(Records for this exercise Opens)
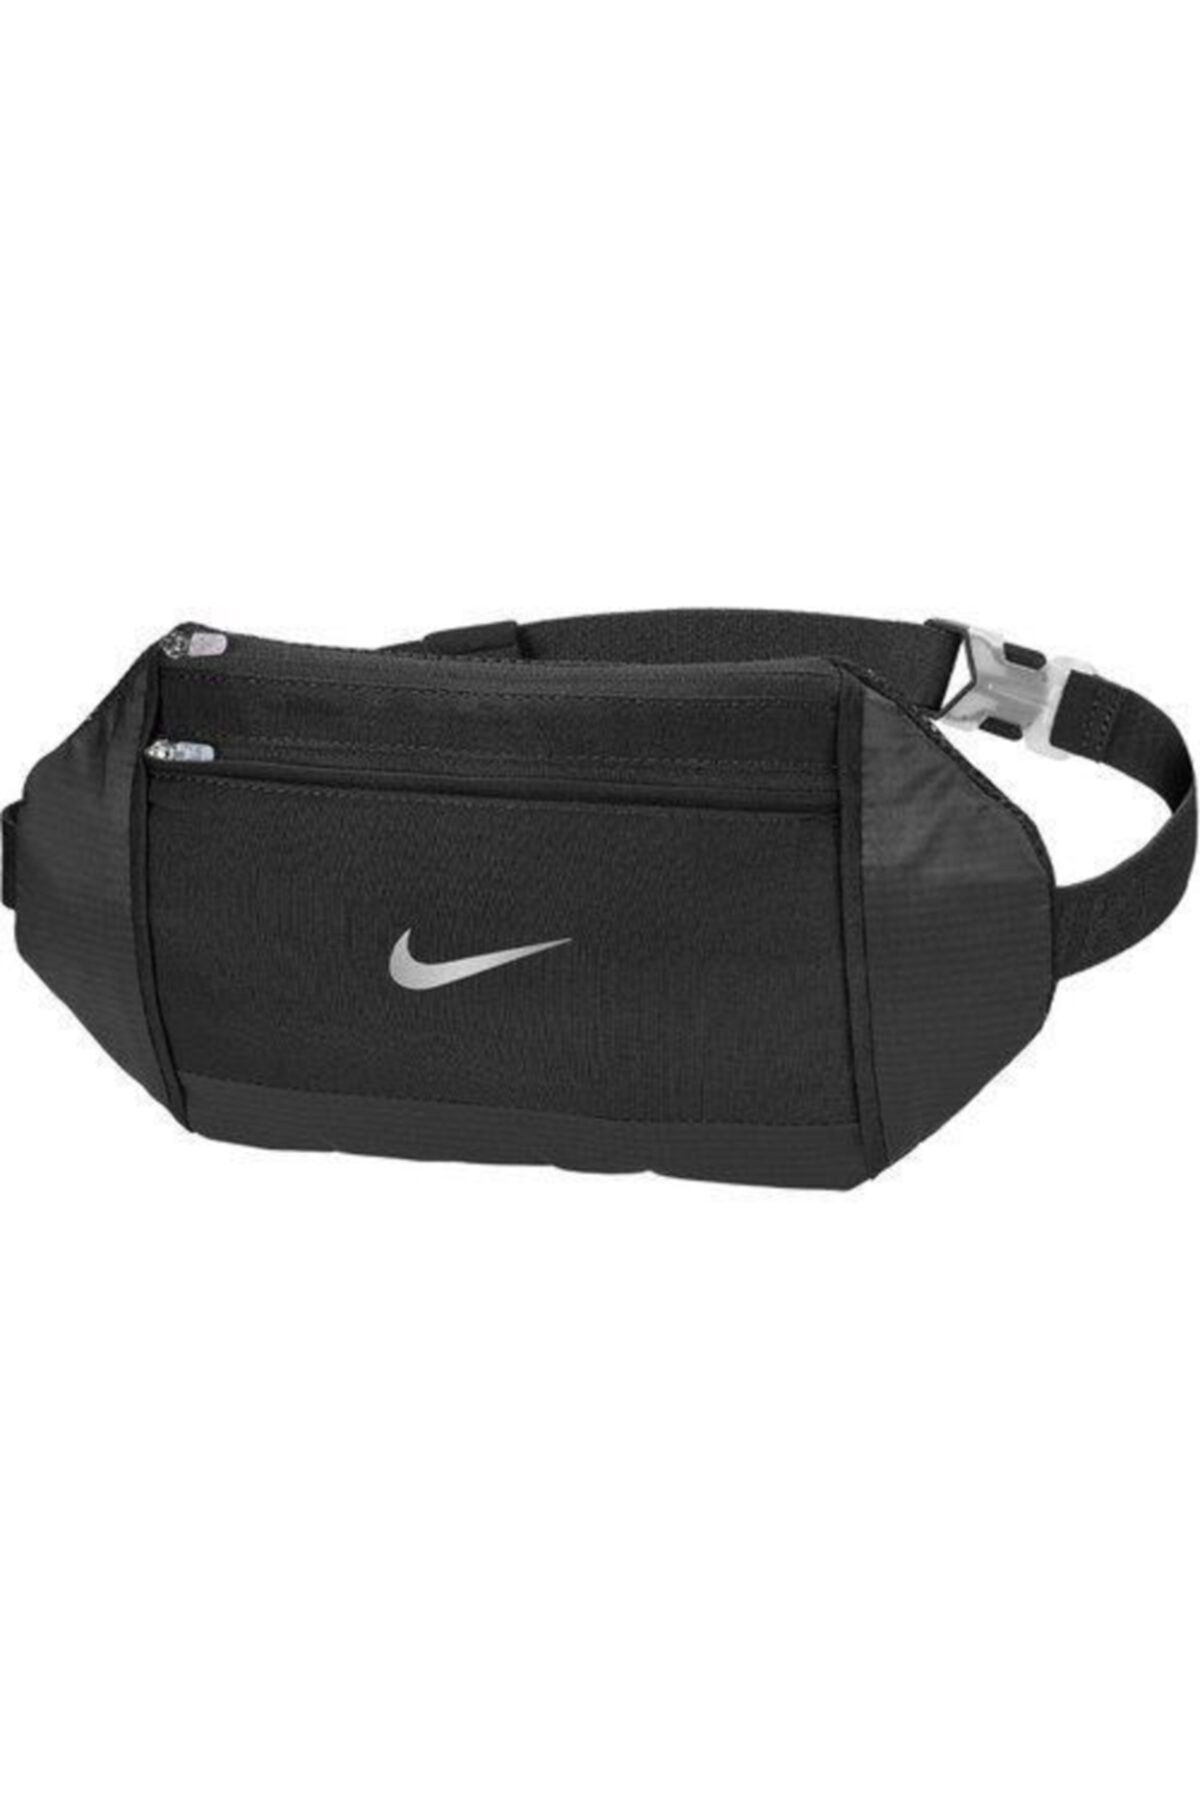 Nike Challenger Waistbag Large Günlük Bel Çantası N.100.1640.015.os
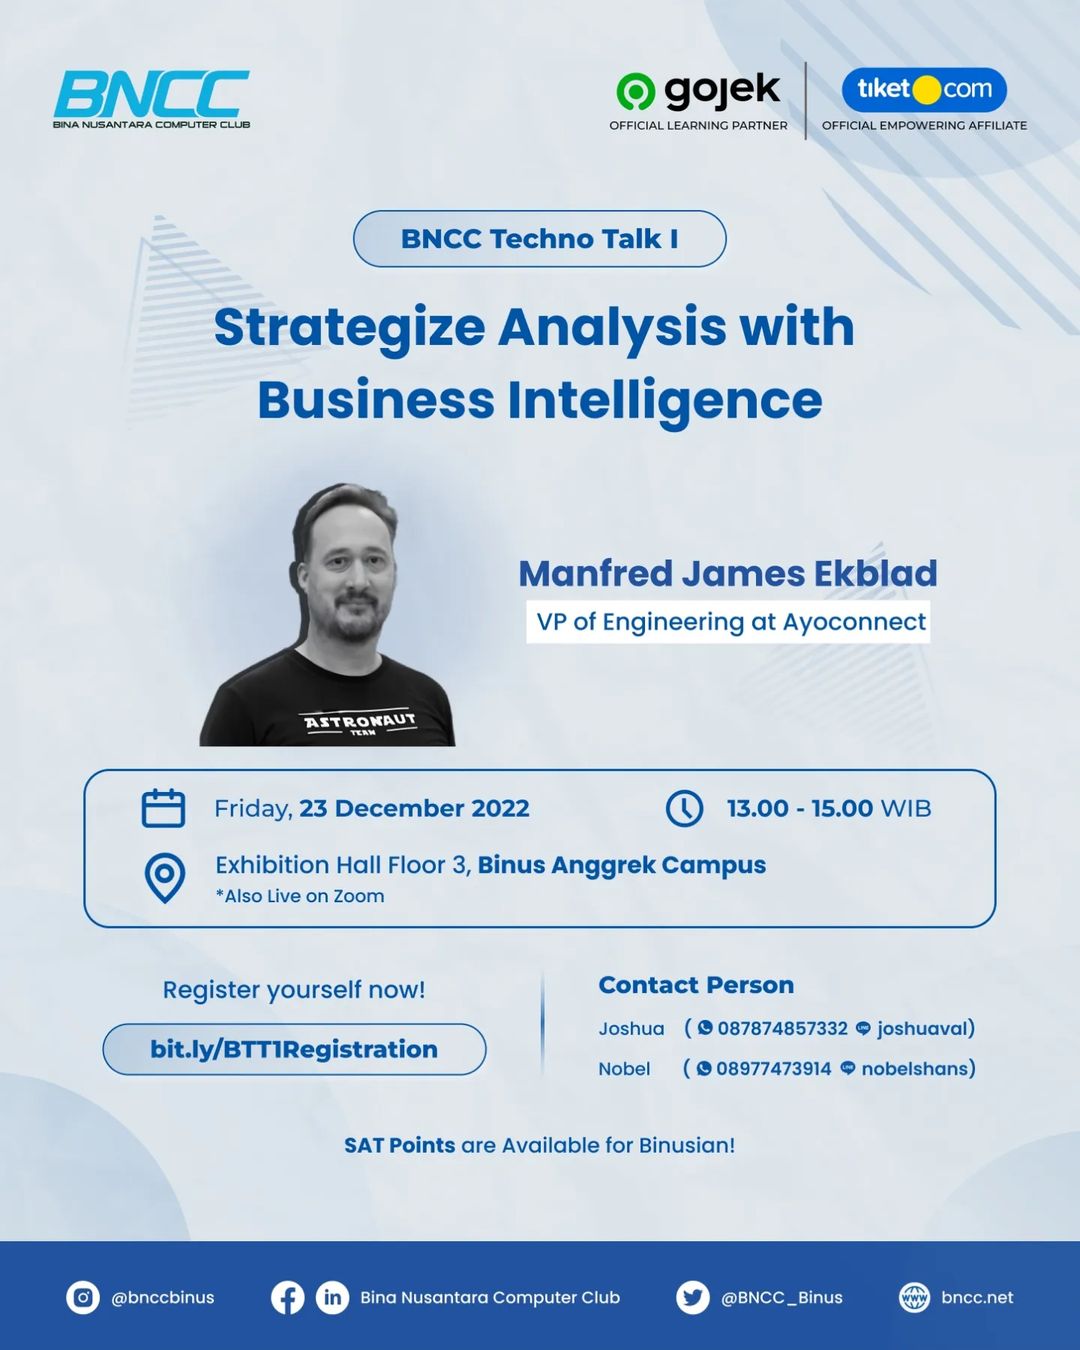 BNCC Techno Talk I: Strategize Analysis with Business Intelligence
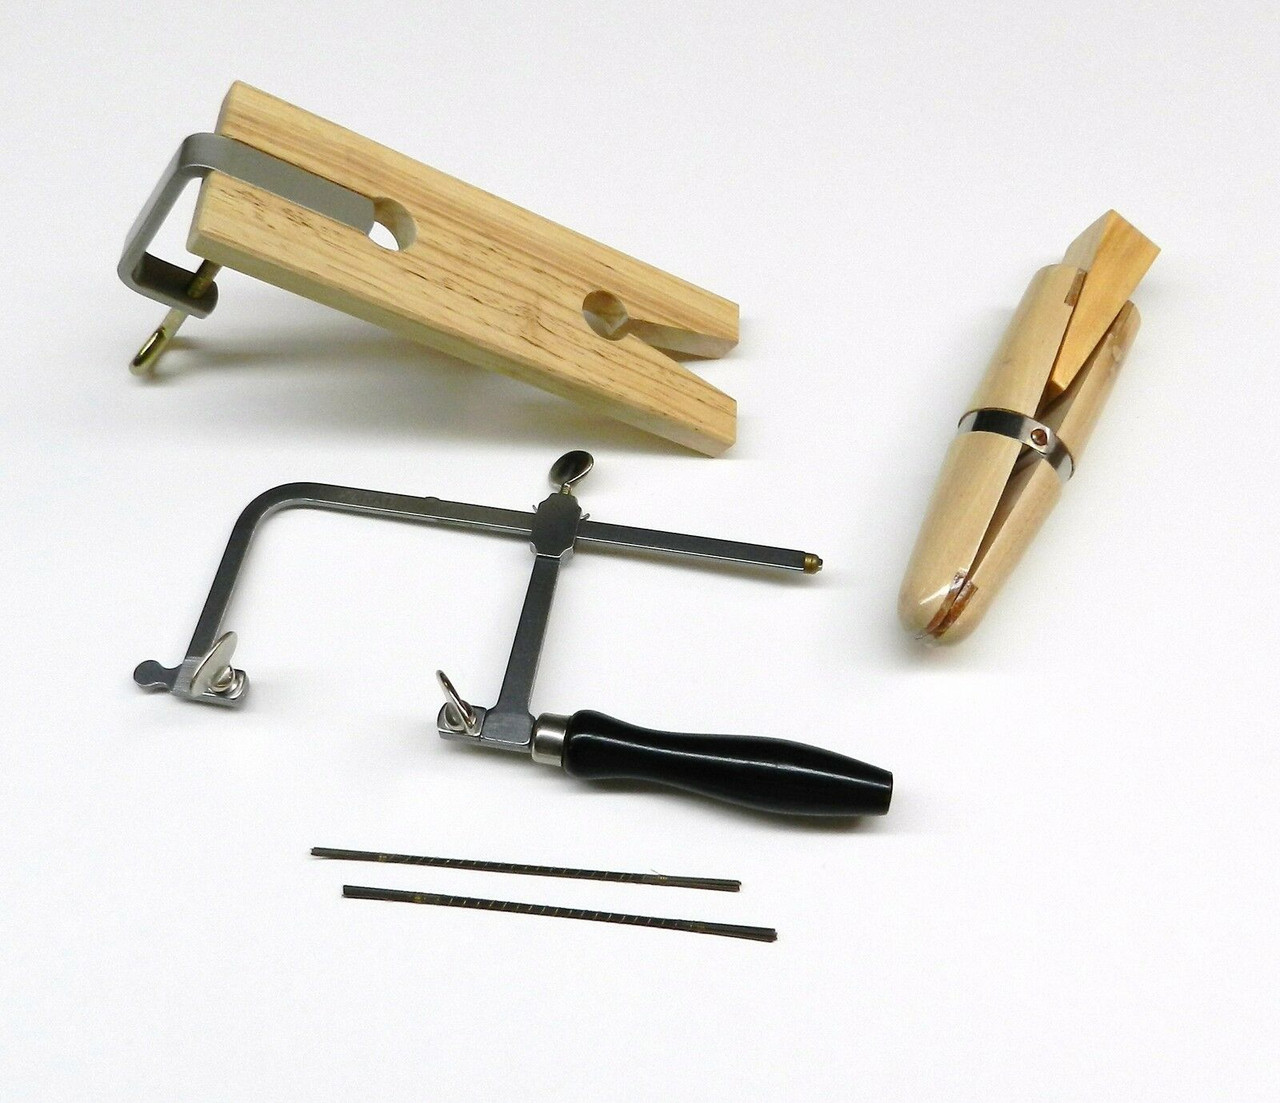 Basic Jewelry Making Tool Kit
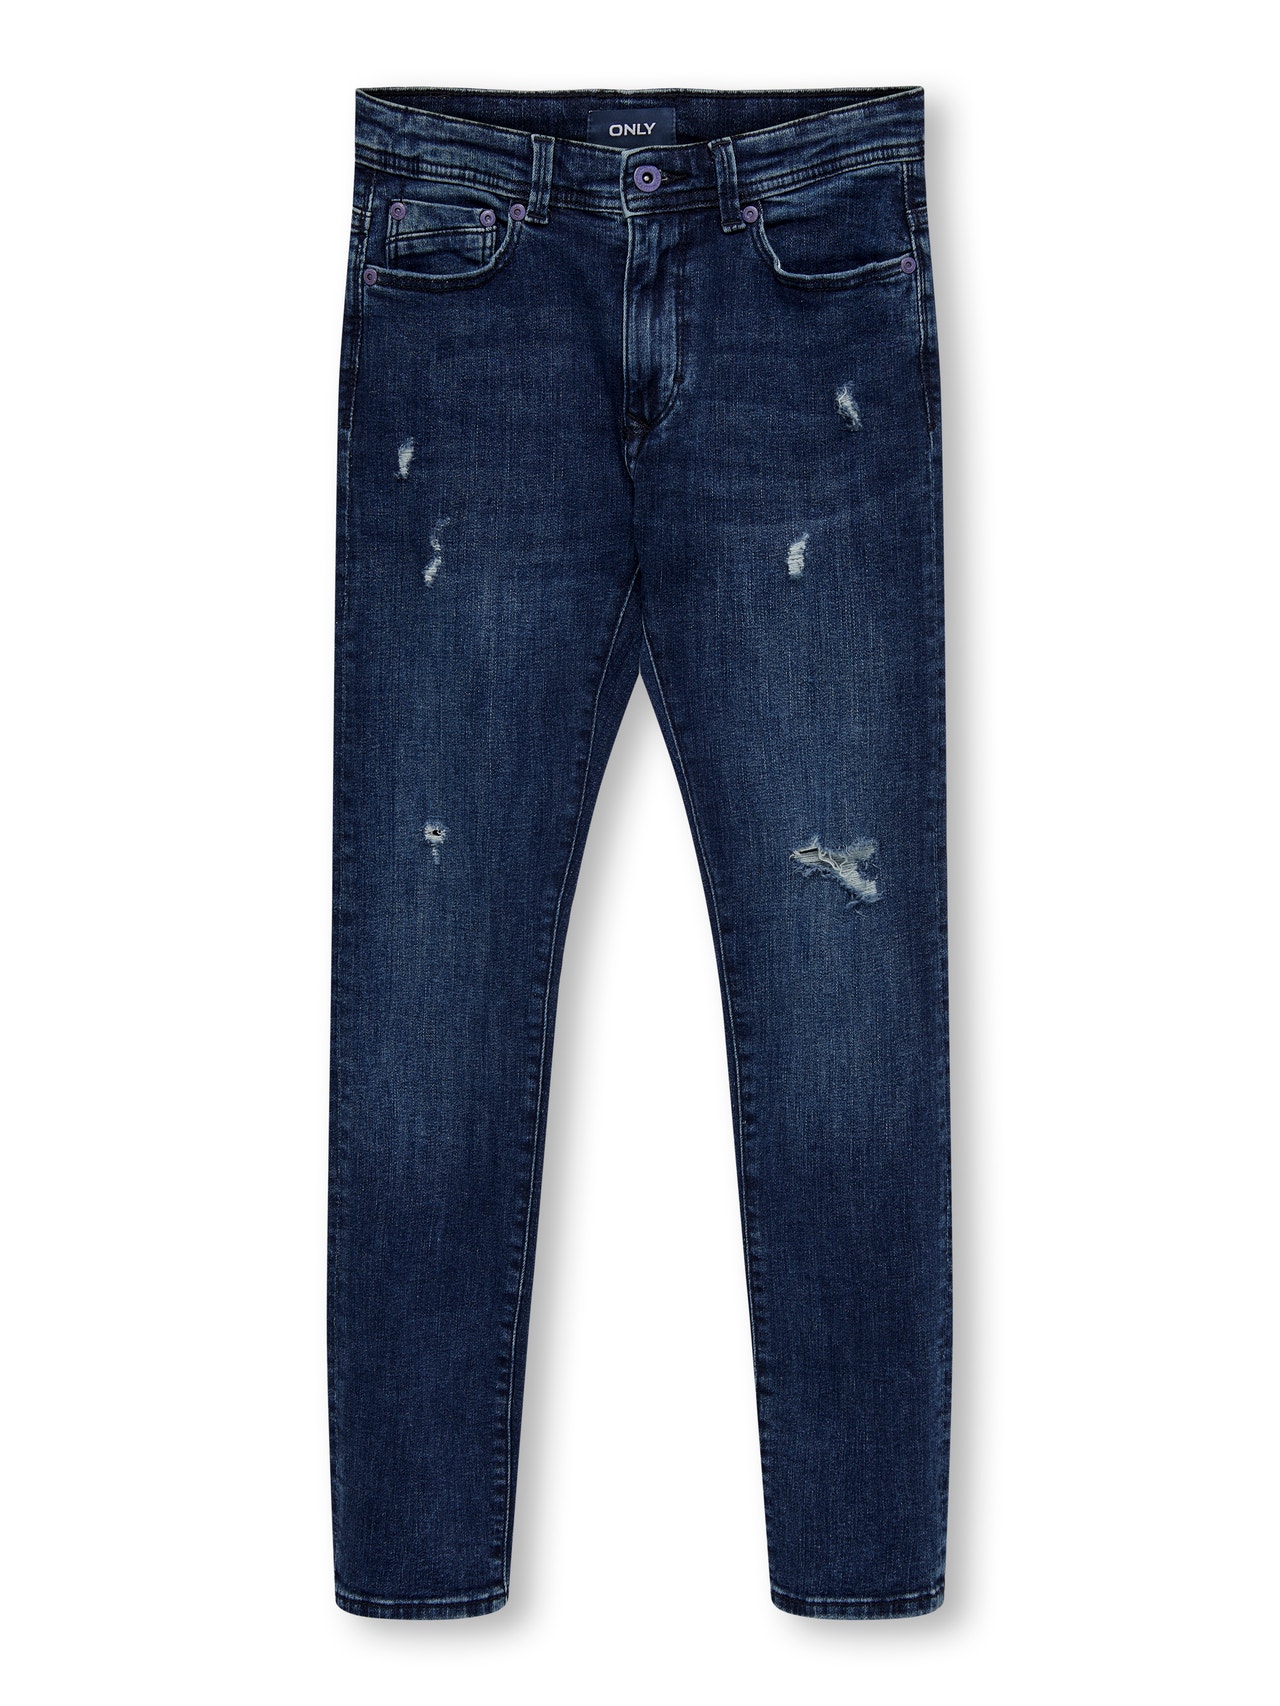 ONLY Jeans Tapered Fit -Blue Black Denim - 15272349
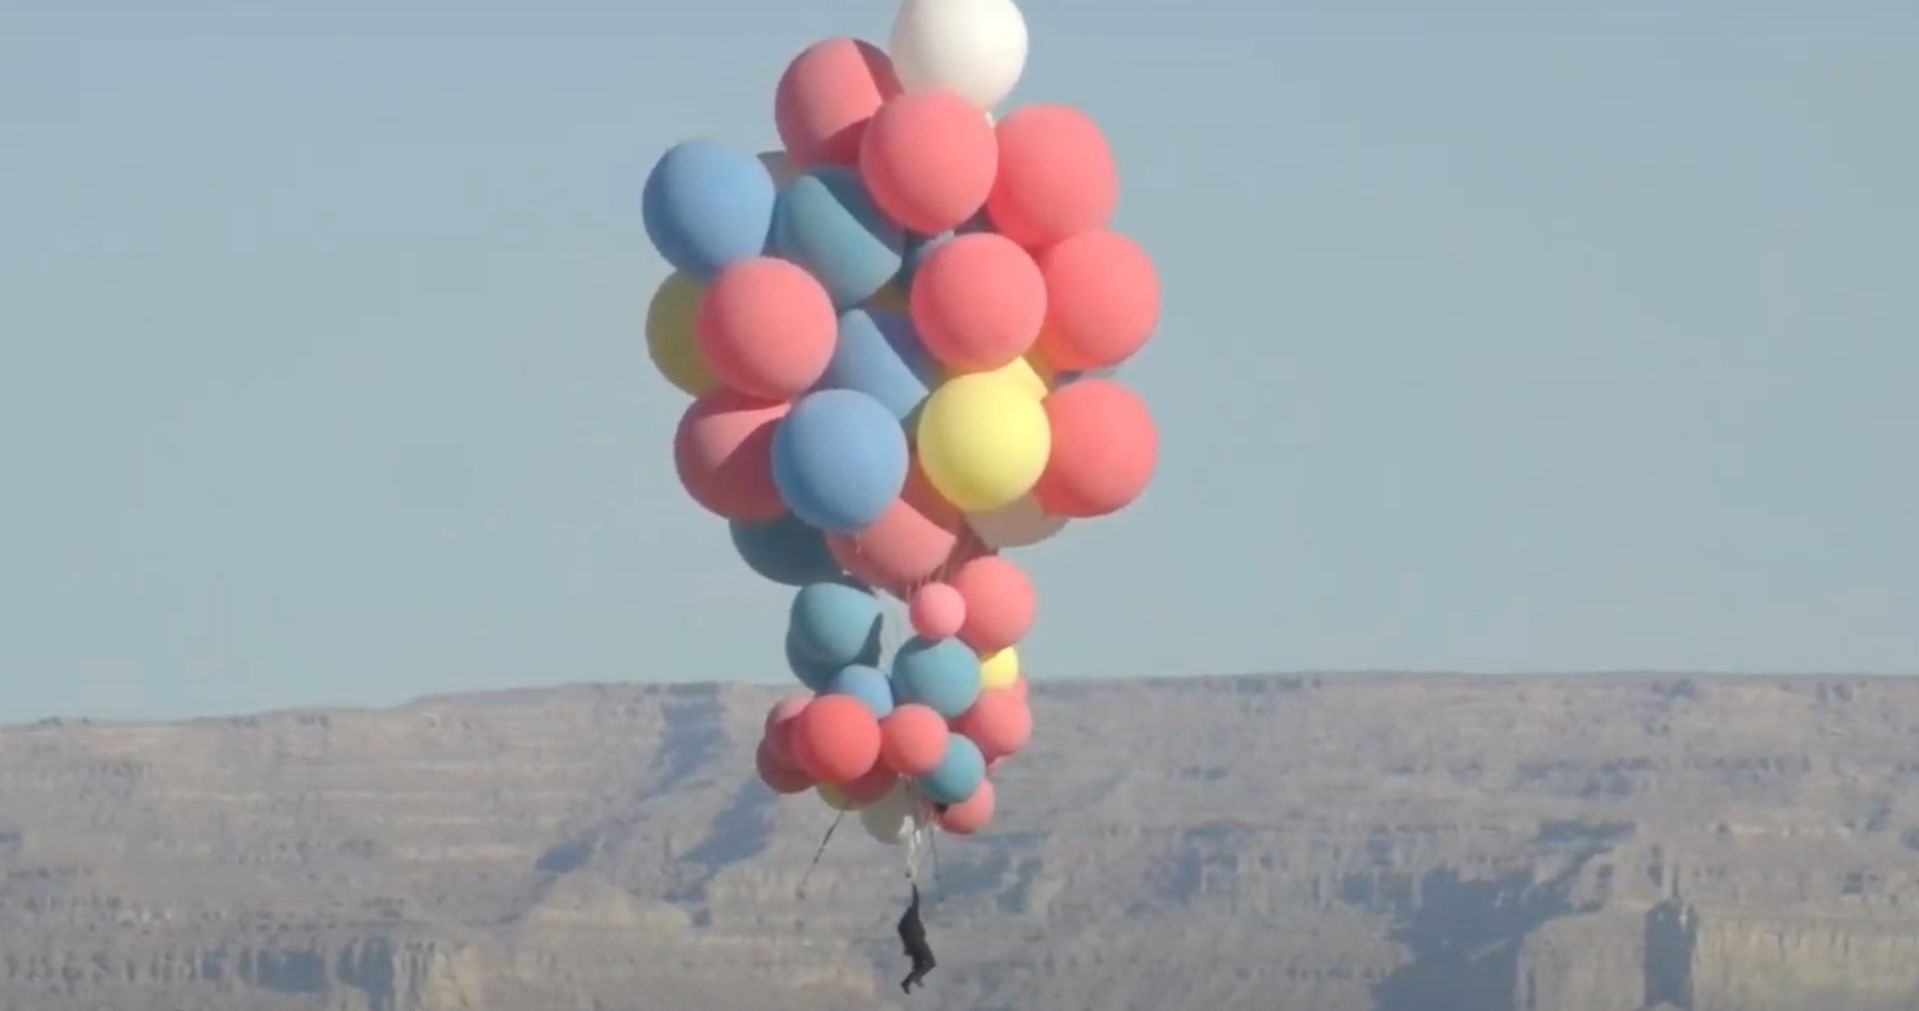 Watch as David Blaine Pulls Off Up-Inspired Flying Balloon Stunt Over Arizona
(Records for this exercise Closes)
- Work to complete -
The line that contains "BNCC Techno Talk" begins the range and the last line of the entries ends it; print that range exactly, without pictures.

- Your response -
 BNCC Techno Talk I: Strategize Analysis with Business Intelligence
 Basic Jewelry Making Tool Kit
 ONLY Jeans Tapered Fit -Blue Black Denim - 15272349
 Watch as David Blaine Pulls Off Up-Inspired Flying Balloon Stunt Over Arizona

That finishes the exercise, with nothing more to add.